Seine Schrift ist gestochen scharf, die Sprache zeugt von einem großen Herzen. „Ich möchte die Menschen unterstützen, die mir sympathisch sind und die ich gut finde“, sagt Wolfgang Bünemann über die Motivation seiner Korrespondenz. Meistens sind den Briefen auch kleine Aufmerksamkeiten beigefügt. Gerne verschenkt er Bücher. Je ein Band über die Versteinerungen in Holzmaden ist im Postkasten des Bundeskanzleramtes und des Buckingham Palace gelandet. Der Kanzlerin verehrte er ferner ein Buch über Frauenleben im klassischen Altertum. Nicht von ungefähr. Er findet eine Frau an der Spitze des Staates gut. „Ich bin froh, dass wir nicht nur Männer haben. Die Kanzlerin ist eine gute Politikerin“, erklärt Bünemann, der Mitglied der CDU ist und regelmäßig die Versammlungen der Göppinger Christdemokraten besucht.

Besondere Sympathien hegt Wolfgang Bünemann für Papst Benedikt XVI. und dessen Nachfolger Franziskus. Benedikt schätzt er, weil er wie er selbst aus Bayern stammt, und in Franziskus setzt er große Hoffnungen. Zurzeit wartet er auf eine Antwort aus dem Vatikan. „Es ist erst zwei Wochen her, dass ich einen Brief an Franziskus abgeschickt habe“, sagt er.
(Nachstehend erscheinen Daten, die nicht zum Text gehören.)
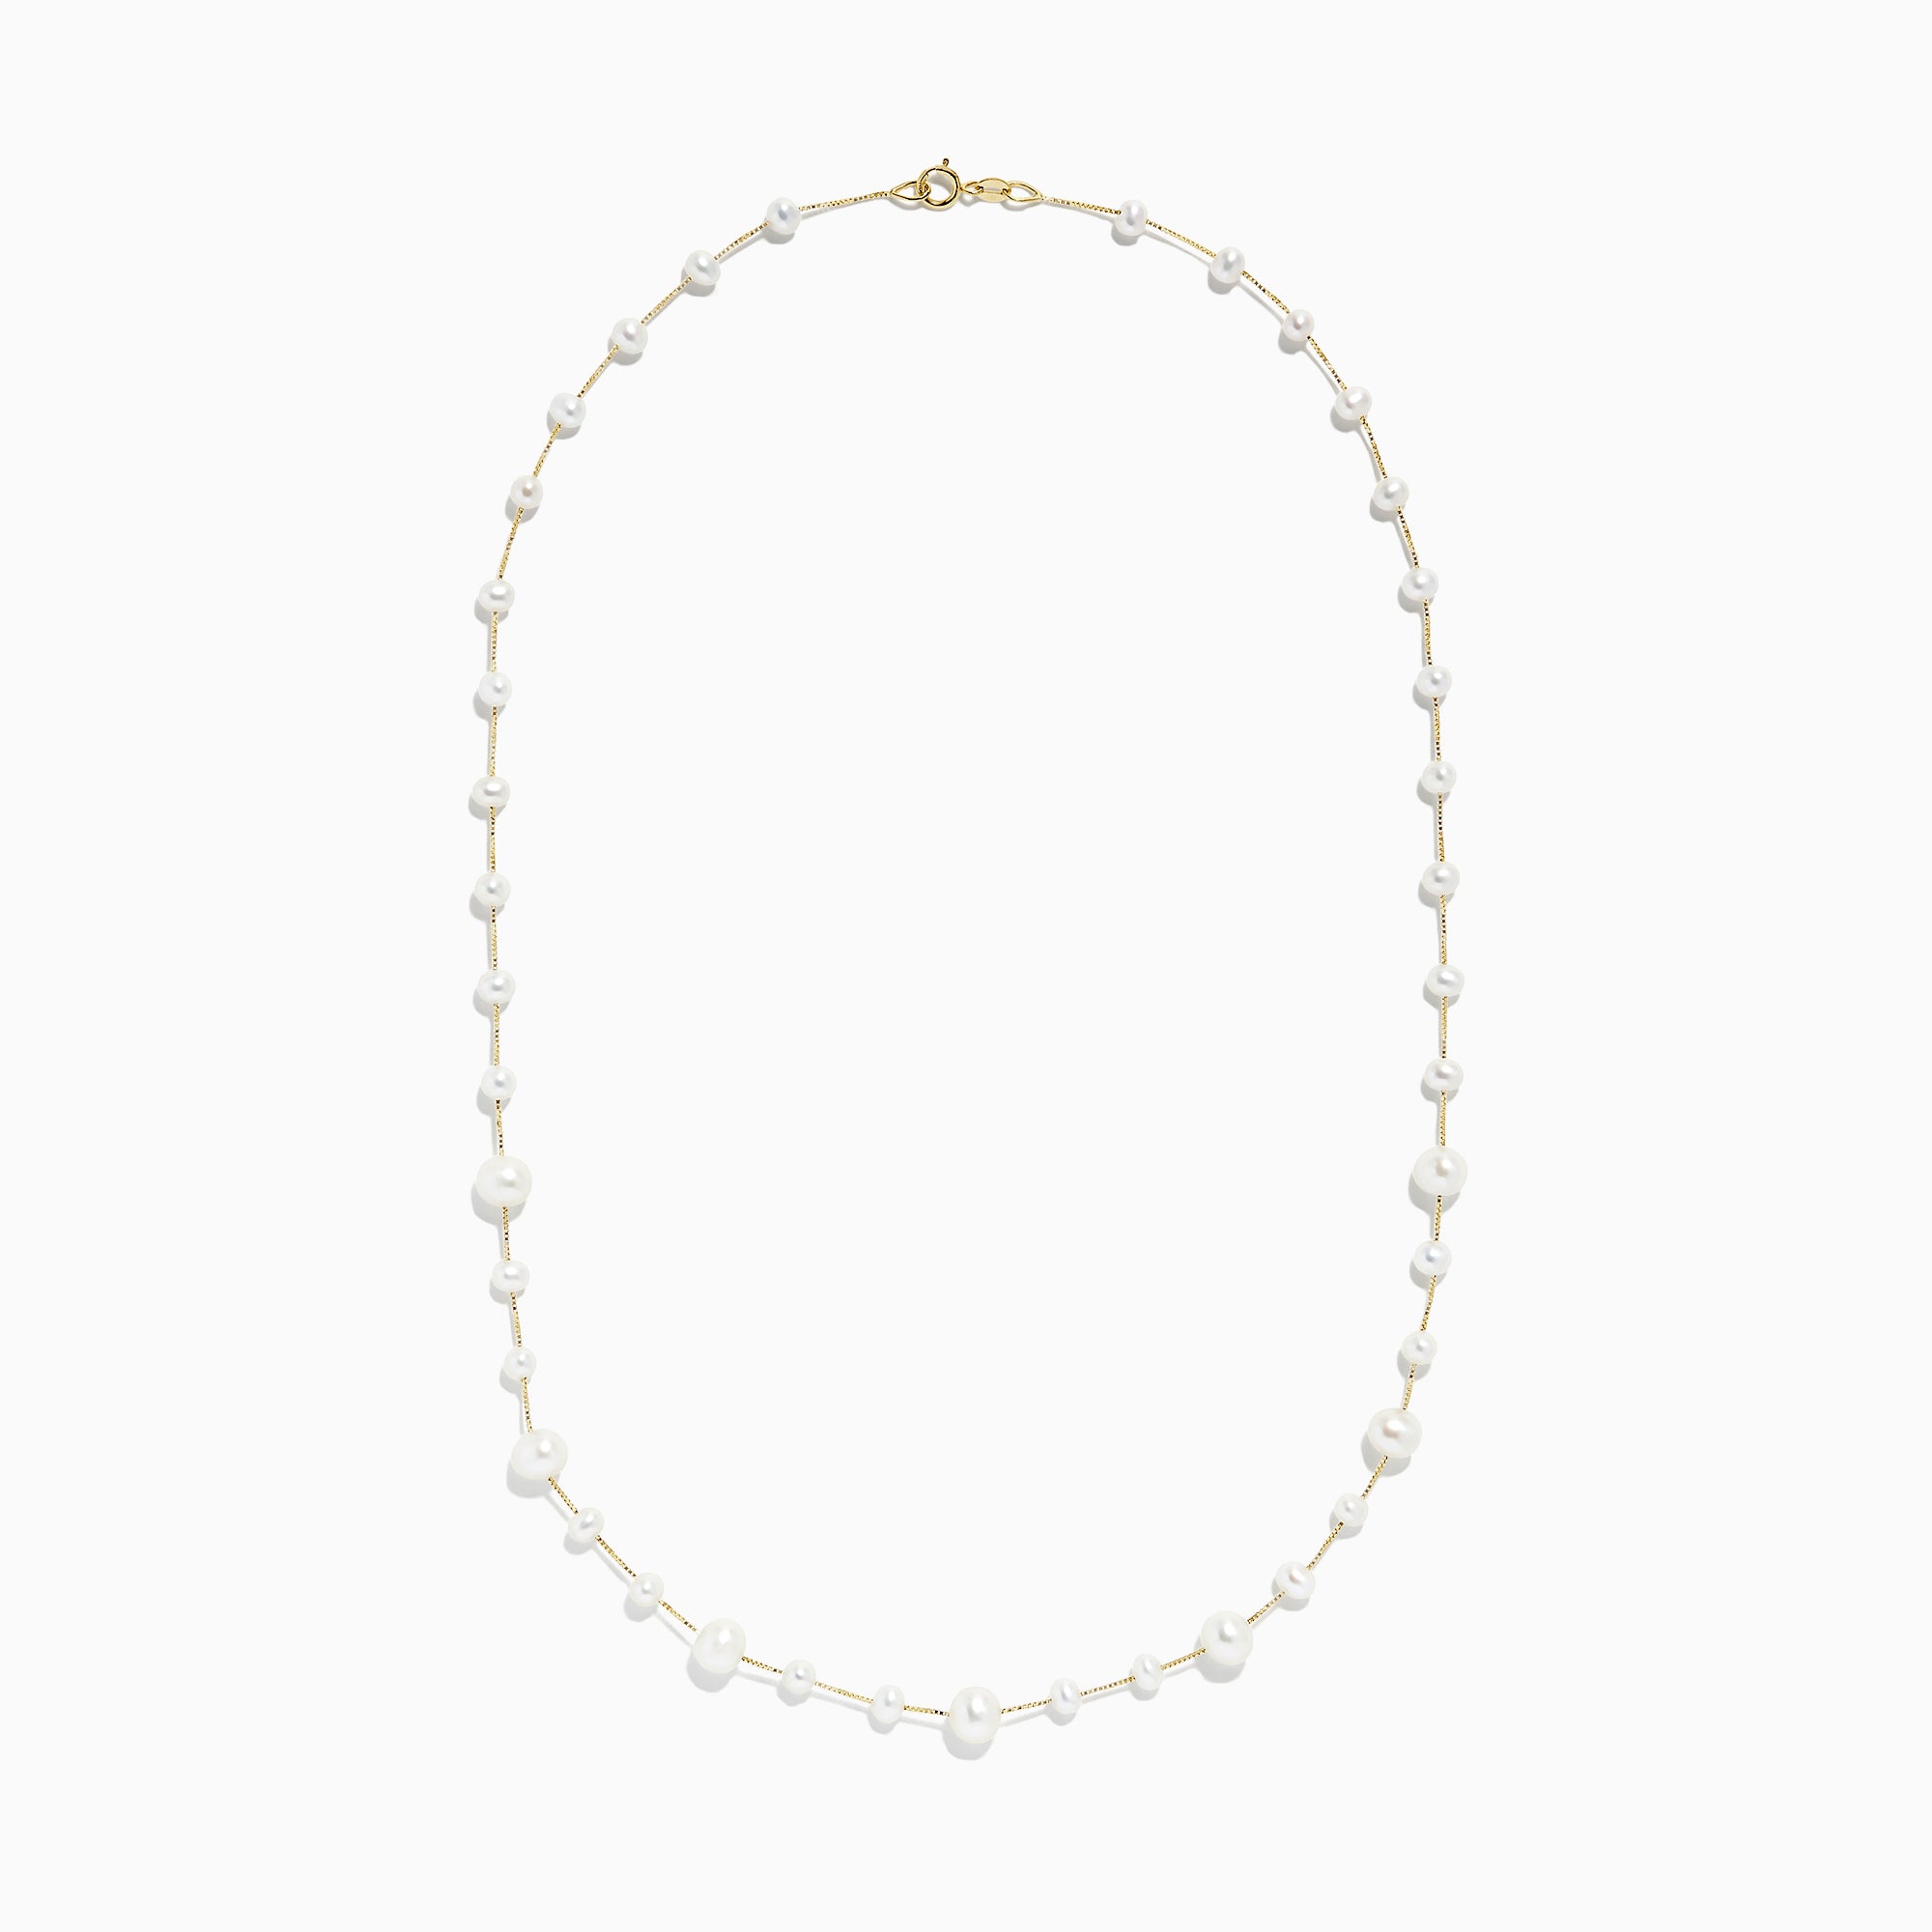 Effy 14K Yellow Gold Cultured Fresh Water Pearl Necklace

Wie es Wolfgang Bünemann geschafft hat, trotz seiner schweren Erkrankung so offen und bei aller Bescheidenheit so selbstbewusst zu sein? Der Mittachtziger wiegt nachdenklich den Kopf. Diese Frage hat er sich nie gestellt. Er erzählt von einer glücklichen Kindheit in materiell gesegneten Verhältnissen. Sein Vater war Kunsthändler und Kunstkritiker. Obwohl Bünemann aus bestem Hause stammt, hat er das nie herausgekehrt. Er arbeitete als Assistent der Gärtnerei im Park der Klinik und leitete später bis zu ihrer Auflösung die Krankenhausbibliothek. Er schrieb für die Seelenpresse, die klinikeigene Zeitschrift, an der Patienten und Mitarbeiter mitwirken, und er lernte das Malen in der Kunsttherapie. Seine Porträts können sich sehen lassen.

Aus dem Christophsbad nicht wegzudenken

Aus dem Christophsbad sei Wolfgang Bünemann nicht wegzudenken, sagt der Psychologe Rolf Brüggemann. Er werde allseits geschätzt. So sei es auch einem seiner Briefe zu verdanken, dass der frühere Geschäftsführer und medizinische Direktor der Klinik, Burkhard Krauß, das Bundesverdienstkreuz bekommen habe.

Er habe sich in der Klinik immer gut aufgehoben gefühlt, sagt Wolfgang Bünemann, der in seinem Leben ein großes Kapitel Psychiatriegeschichte am eigenen Leib erfahren hat. Er erzählt, dass er in jungen Jahren in Freiburg Elektroschocks bekommen hat – ohne Narkose. „Davor hatte ich fürchterliche Angst, das war schrecklich.“ Die vielen Medikamente, die er gegen seine Krankheit schlucken musste und die zum Teil heftige Nebenwirkungen haben können, scheint er dagegen gut zu verkraften. Sie haben seine Persönlichkeit nicht verändert. Traurig macht ihn seine zunehmende Schwerhörigkeit. Die Schizophrenie hat ihn nicht in die Isolation gestoßen, doch die erschwerte Kommunikation macht ihn einsam. Aber auch diesem Schicksalsschlag hat er sich nicht ergeben. „Besuchen Sie mich doch mal wieder“, bittet er seine Gäste. Und die kommen gerne.